Desde muy pequeña fui una lectora incansable y entregada, nada se hacía demasiado grande ni demasiado árido para mí, nada me desalentaba de esa afición que llenaba casi todo mi tiempo libre y que llegaba hasta el extremo de engañar a mi madre, cuando me ordenaba dormir, leyendo bajo las sábanas con una linterna hasta altas horas de la madrugada. En una realidad dura y triste, con pocas oportunidades para la diversión y el esparcimiento, la lectura constituyó un maravilloso refugio donde esconder mi soledad para inventarme mundos felices y una herramienta poderosa para desarrollar mi imaginación. Tan intensa fue mi historia de amor con la lectura que excluyó durante mucho tiempo a cualquier otra actividad de ocio y me proporcionó un hábito autodidacta que aún perdura, porque si algo está escrito y puede leerse, yo no quiero que nadie me lo cuente, simplemente leo y aprendo, cuando quiero y hasta donde quiero, poniendo mis propios límites y esa es mi forma de aprender casi siempre. Y también fue mi forma de viajar hasta hace bien poco, viajar a través de la literatura, de los libros de viajes, de los atlas, de los mapas, viajar con la mente, empapándome de cada detalle hasta tener la sensación de haber estado en un determinado lugar y conocerlo casi como si lo hubiera vivido. Así, a lo largo de toda una vida, fui alimentando un universo de lugares leídos, soñados, idealizados, a los que esperaba viajar en persona más tarde o más temprano: Venecia, Toscana y Petra, seguidas de Pompeya, Roma y Provenza ocuparon mi lista de prioridades desde que tengo memoria, quizá desde los 11 o 12 años.
Finalmente la vida decidió empezar a regalarme instantes felices y, con ayuda de mis hijas, todos mis viajes soñados han empezado a hacerse realidad y creo que los estoy disfrutando doblemente quizá por haberlos deseado tanto tiempo. De todos ellos, Venecia fue el que tuvo una vinculación más fuerte y persistente con mi lado más romántico y con 50 años de retraso he podido finalmente cumplir ese sueño. Ahora que la he conocido, pisado, mirado, respirado, paseado, fotografiado, ahora que ya es de verdad, Venecia es aún más hermosa de como yo la imaginaba, aunque ha sido como un reencuentro, porque yo ya la conocía sin haberla visto.
Y este post es un regalo para Venecia, un agradecimiento por esperarme, por ser tan bella, por estar aún a flote y por conservar esa majestuosa decadencia que retrata fielmente su historia de orgullosa y riquísima república.

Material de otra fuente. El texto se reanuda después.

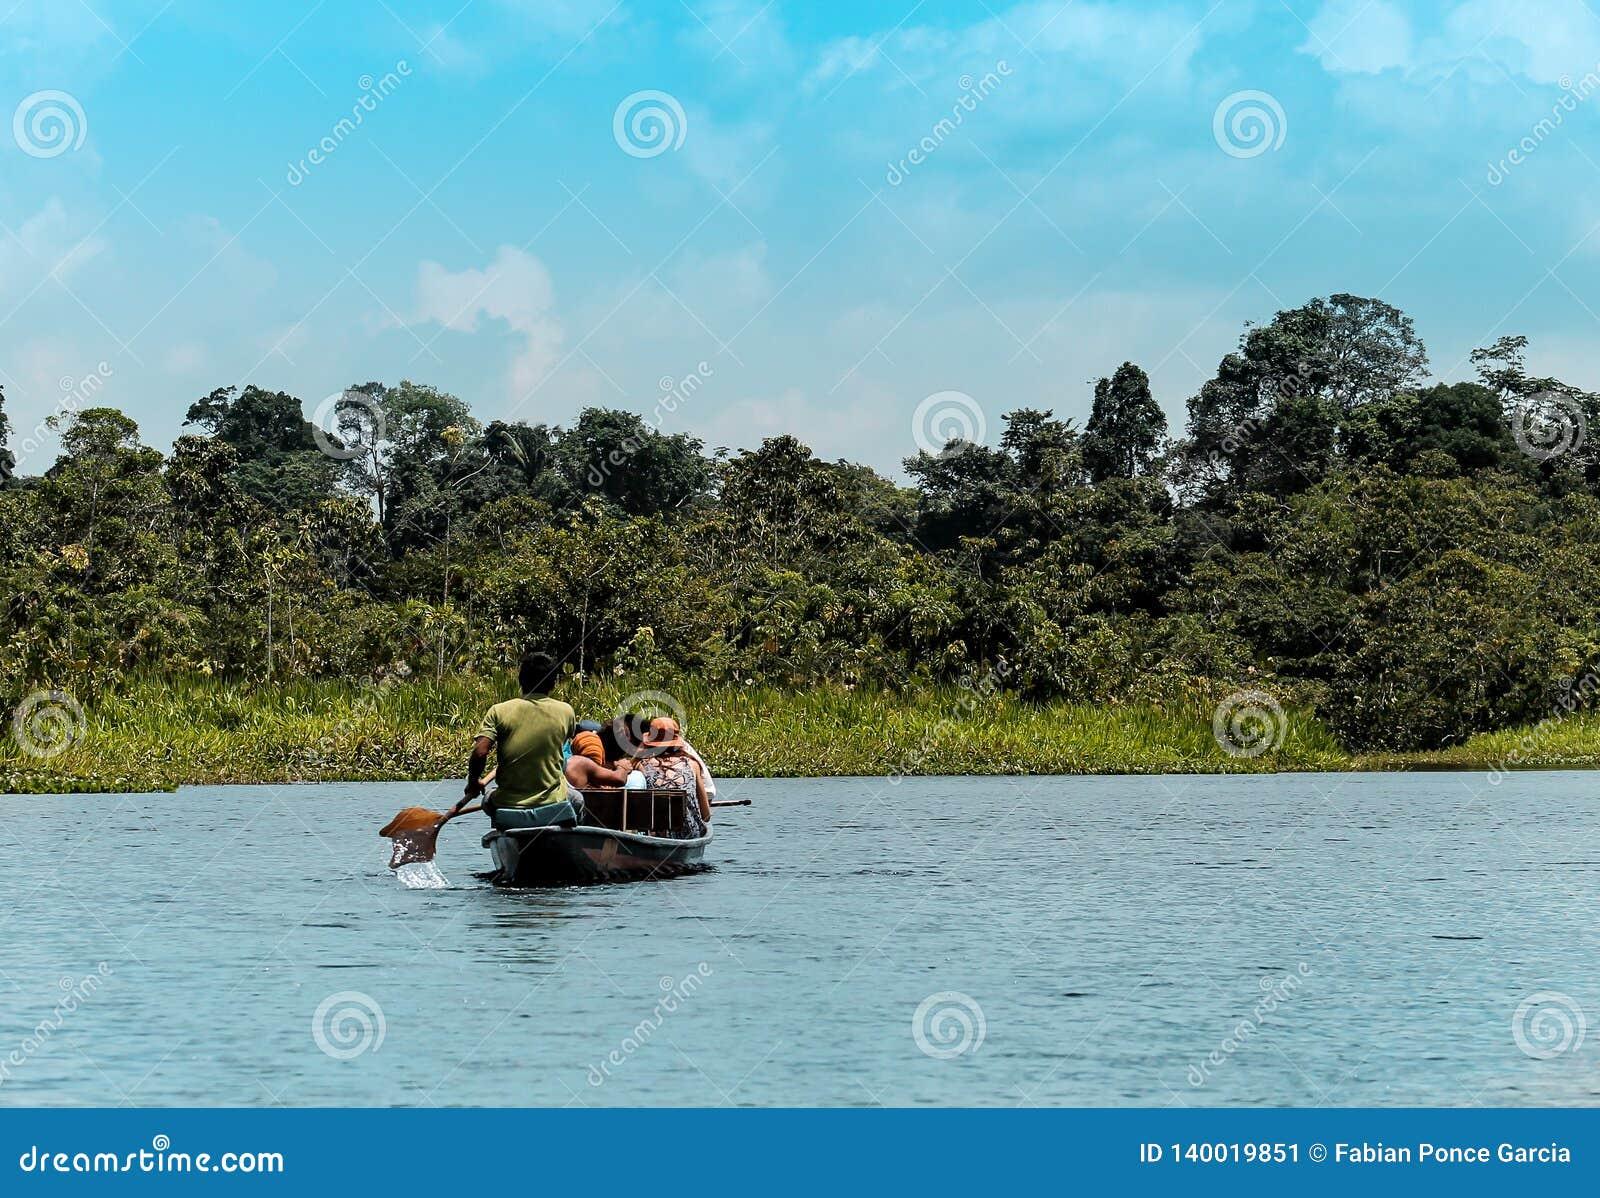 Σκηνή ποταμών στο Αμαζόνιο του Ισημερινού στη μέση της φυλλώδους βλάστησης

La Sereníssima me recibió envuelta en flores de Glicinia (o Wisteria si lo preferís), espléndidas cascadas de racimos invadiendo muros y pérgolas, portales y jardines, que llenan el aire de un aroma delicioso y convierten el paseo en un deleite total. Estas son solo algunas de las glicinias que respiré de cerca, porque sería imposible fotografiarlas todas. A veces he oído algunos comentarios despectivos acerca de olores desagradables en Venecia y aunque nunca les he dado mucho crédito ahora los descarto totalmente porque, para mí, Venecia es hermosa, Venecia huele a glicinias.